Monday, Jul. 01, 1946

Wright Makes It Right

Architect Frank Lloyd Wright, 77, dislikes buildings "all dressed up in military fashion, heels together, eyes front. . . ." He makes his houses lie flat on the ground and stretch out. To his followers, the old master is a modern Michelangelo whose sculptures can be lived in.

Wright's latest, a country house for wealthy stockbroker Gerald Loeb, has yet to be built, but a 6 ft. by 12 ft. model went on view last week in Manhattan's Museum of Modern Art. Designed for a barren hilltop, the Loeb house was to be as low, flat and full of wrinkles as an unmade Japanese bed.

Wright laid out a jigsaw puzzle of pierced roofs, gardens, lawns, curving walls and pools.
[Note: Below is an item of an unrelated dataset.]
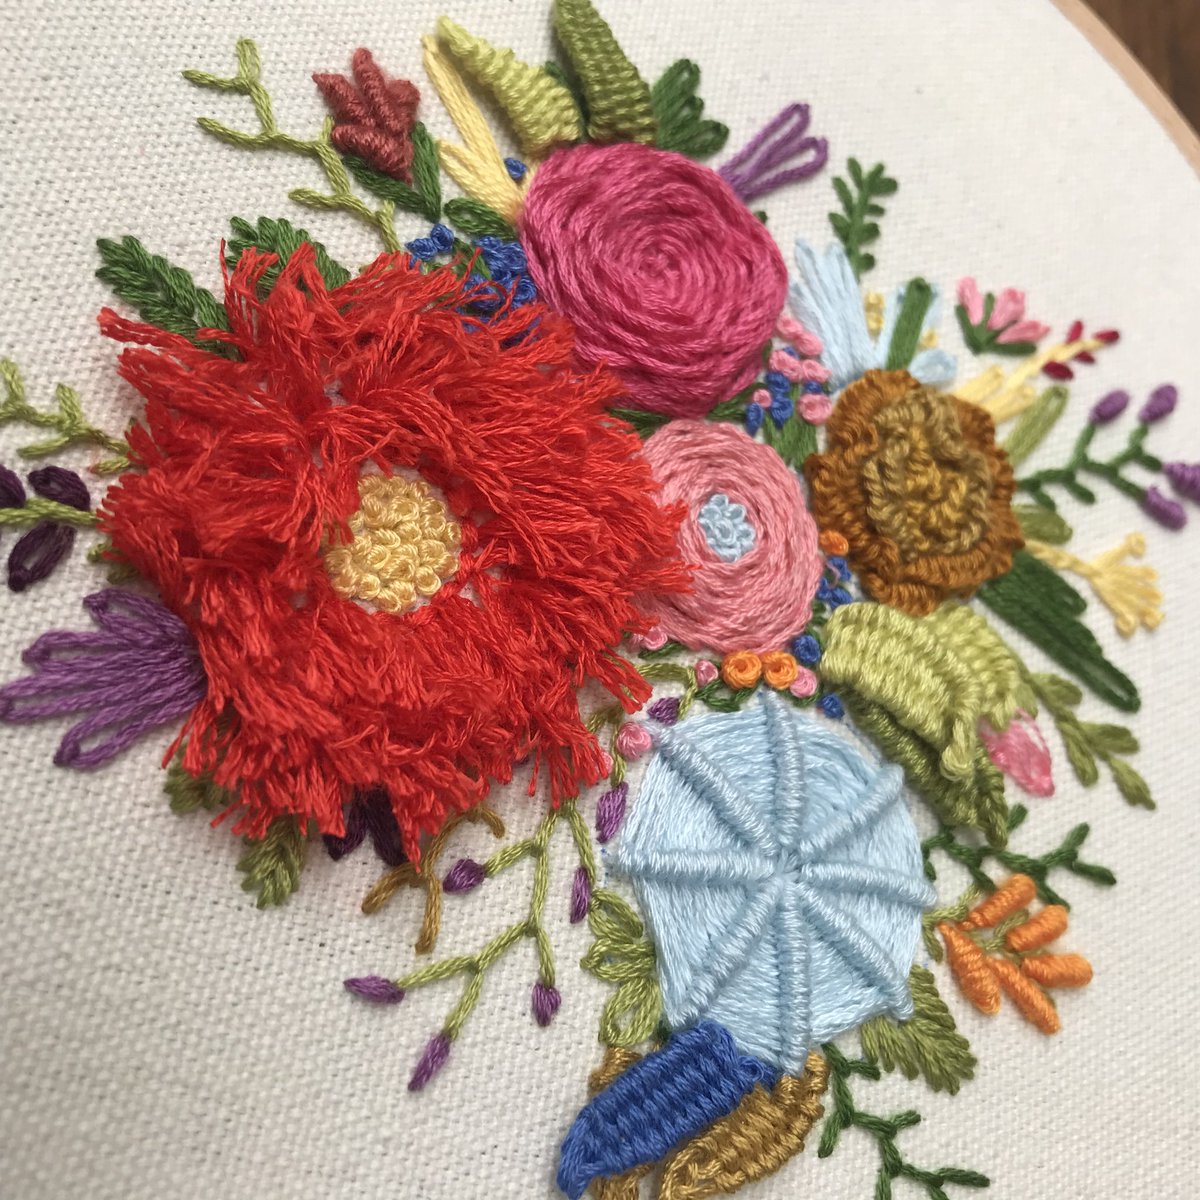 Embroidery flowers 🌺 #embroidery #embroideryflowers #tecnicasmixtas

The circular swimming pool, hollowed out around the edge, has columns under water as well as above, enclosing a glassed-in submarine gaxden. Said Wright: "The average swimming pool looks to me like a glorified bathtub.

Sleeping Turrets. Most startling feature was in the chimney: a vertical window through which Loeb would be able to watch the smoke and flame from his hearth, ascending like mercury in a thermometer. The bedrooms, designed to be dark, had no window except a narrow band of glass around the roof-edge. They were circular, air-conditioned "sleeping turrets," cork-lined for added coziness.

The neighbors in Redding, Conn, are already muttering that Loeb's horizontal hideaway will not fit in with their colonial-style mansions, but Loeb confidently expects it to be far better suited to "modern Connecticut living" than theirs.

A money-wise, 52-year-old bachelor, Loeb recently toured the Midwest to see Wright's houses for himself. He admits that the temperamental old architect's notions are sometimes impractical in small ways, but thinks that living in a Wright-designed house will be worth a little inconvenience. Says Loeb happily: "Wright is good and he knows he's good."